A Neural Network using NumPy for MNIST

& Fashion MNIST

Overview

This project is an implementation of a fully-connected neural network using NumPy only, without relying on deep learning frameworks like PyTorch or TensorFlow. The network is trained on the MNIST dataset (accessible via Google Colab), and it classifies handwritten digits into one of ten categories (0-9). A similar implementation for Fashion MNIST is also included in a seperate notebook.

Key Features

• Fully Connected Neural Network: The network consists of 4 layers: an input layer, 2 hidden layers, and an output layer. This network has 164,013 parameters.
• Custom Activation and Helper Functions: Efficiently implemented functions such as ReLU, Softmax, One-hot Encoding, Cross-entropy loss, and ReLU derivative (ReLU prime).
• Custom Training Loop: The training loop is implemented from scratch, offering detailed insights into vectorized forward and backward propagation, and gradient descent optimization.
• Visualization: Includes functionality to visualize predictions and a confusion matrix for evaluating model performance.
• Weights & Biases Integration: Integrated with Weights & Biases for tracking experiments, logging metrics, and visualizing the training process.

Project Structure

• Neural_Network_in_NP.ipynb: The Jupyter Notebook where the entire neural network is implemented, available in Google Colab.
• data/: The MNIST dataset is accessible in Google Colab under /content/sample_data/mnist_train_small.csv and /content/sample_data/mnist_test.csv.
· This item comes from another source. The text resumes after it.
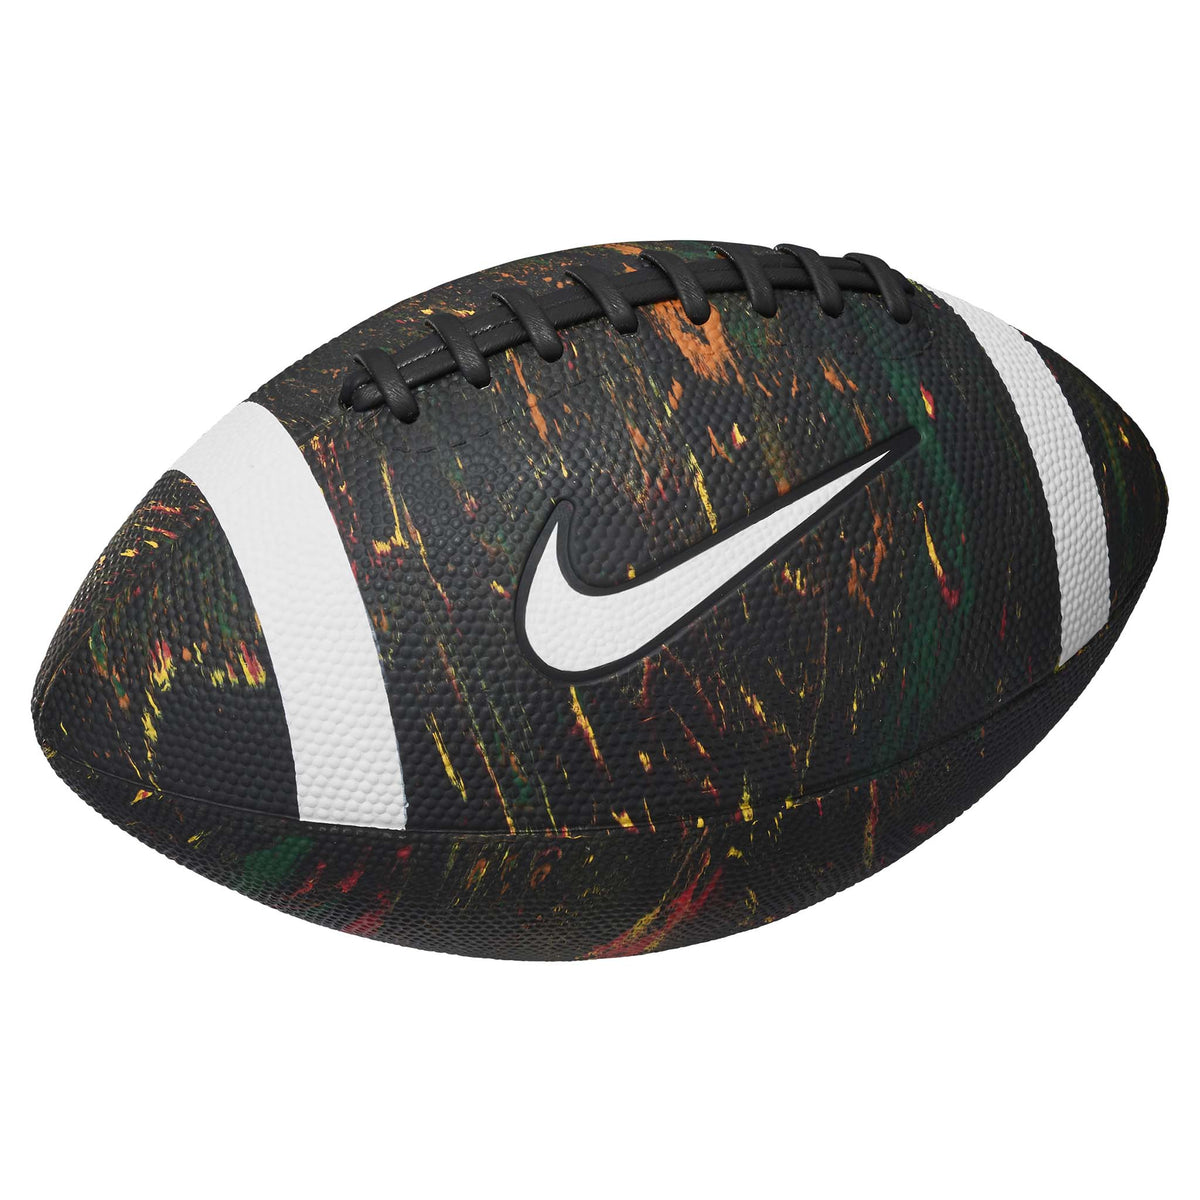 Nike Playground FB ballon de football américain multi noir blanc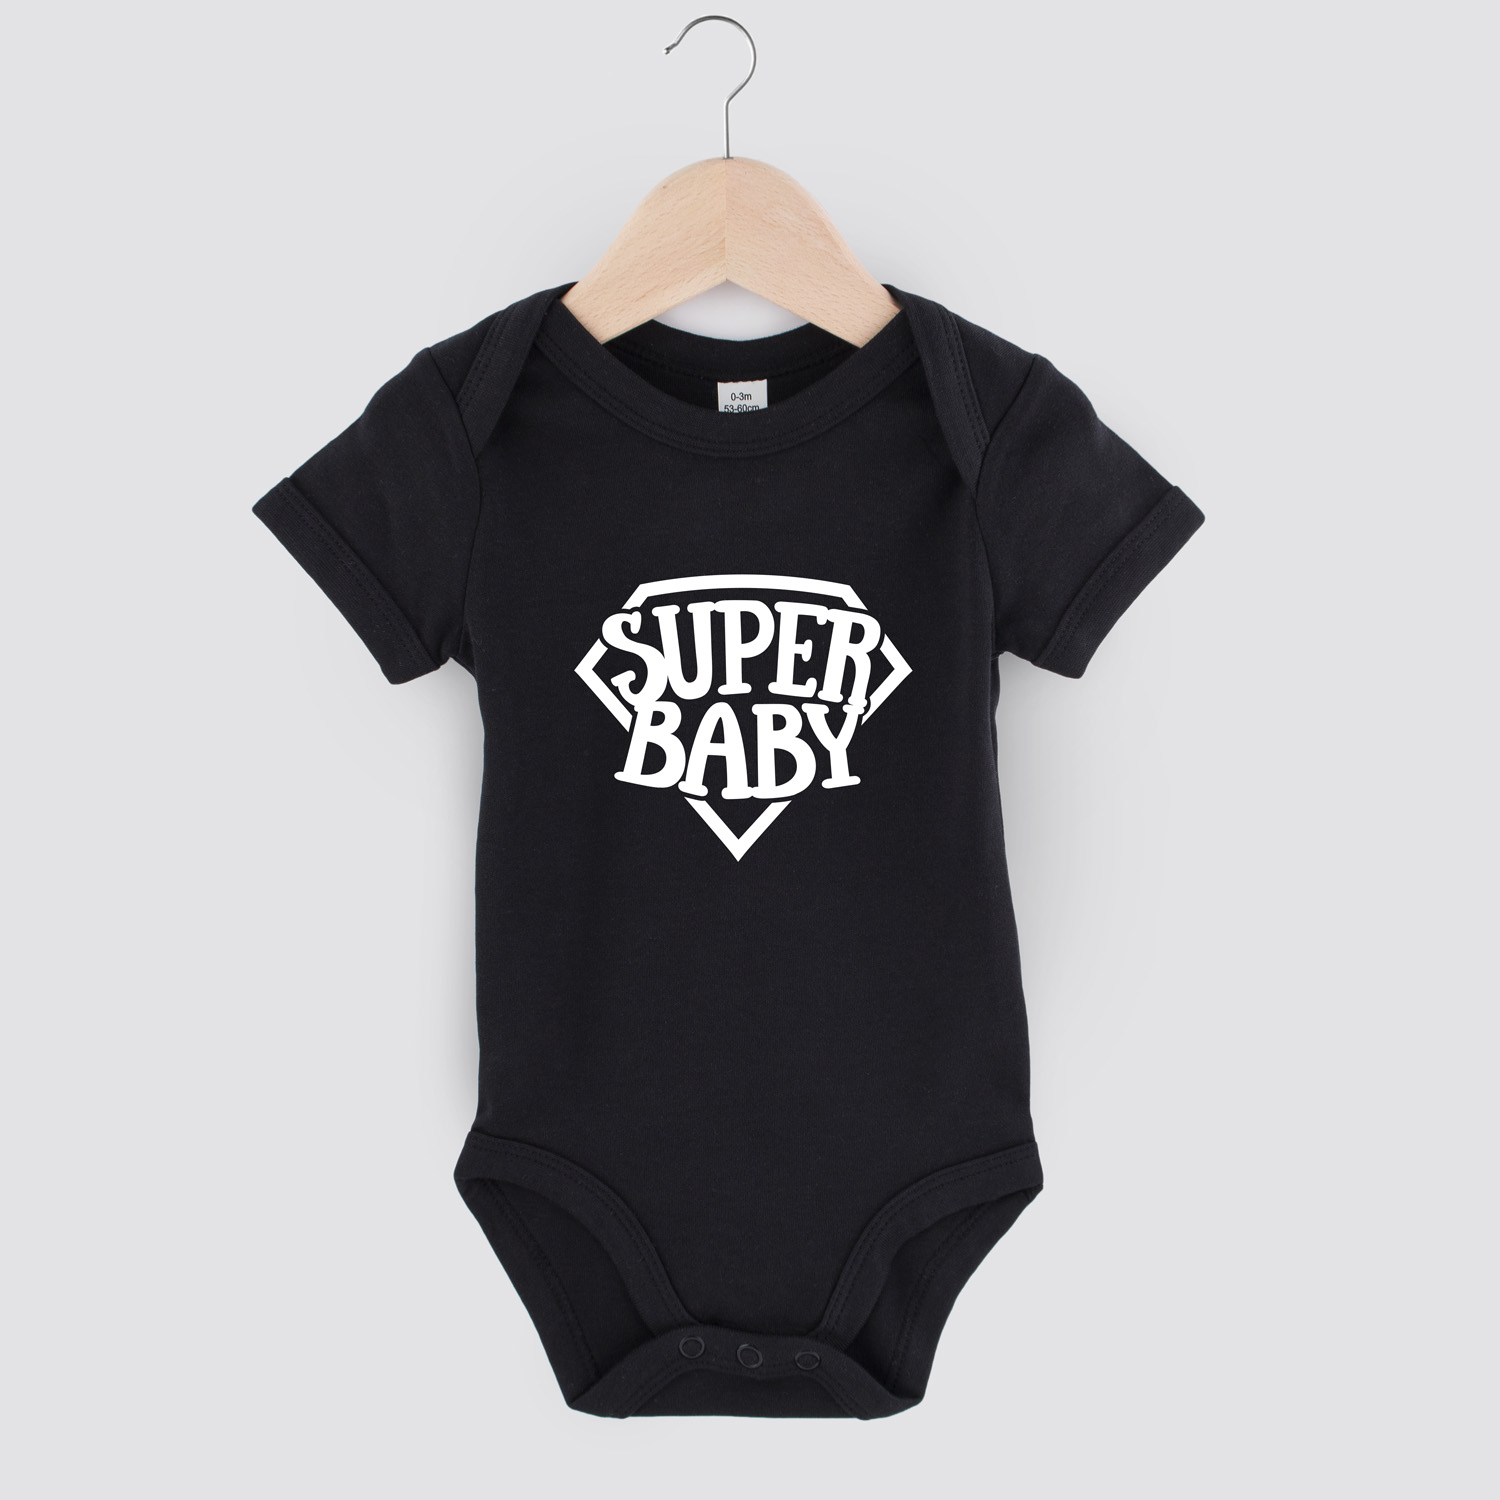 Super baby | Baby romper | my fabulous life.

A cell to load the full version of the dataset from sklearn.datasets is also included for convenience.

Results

With an optimized learning rate of 5.5e-2, the model achieved a 94% validation accuracy. Below are the results:

Confusion Matrix:

Example Predictions:

Hyperparameter Optimization

The hyperparameter optimization was logged using Weights & Biases. Click the image below to view the detailed report.

Requirements

Core Dependencies

• NumPy: Used for matrix operations and core numerical computations.
• Pandas: Used exclusively for loading and preprocessing the MNIST dataset.

Note For 2-D arrays, np.dot performs matrix multiplication. To be more readable and explicit:

• np.matmul() is used for matrix multiplication
• "*" is used for element-wise multiplication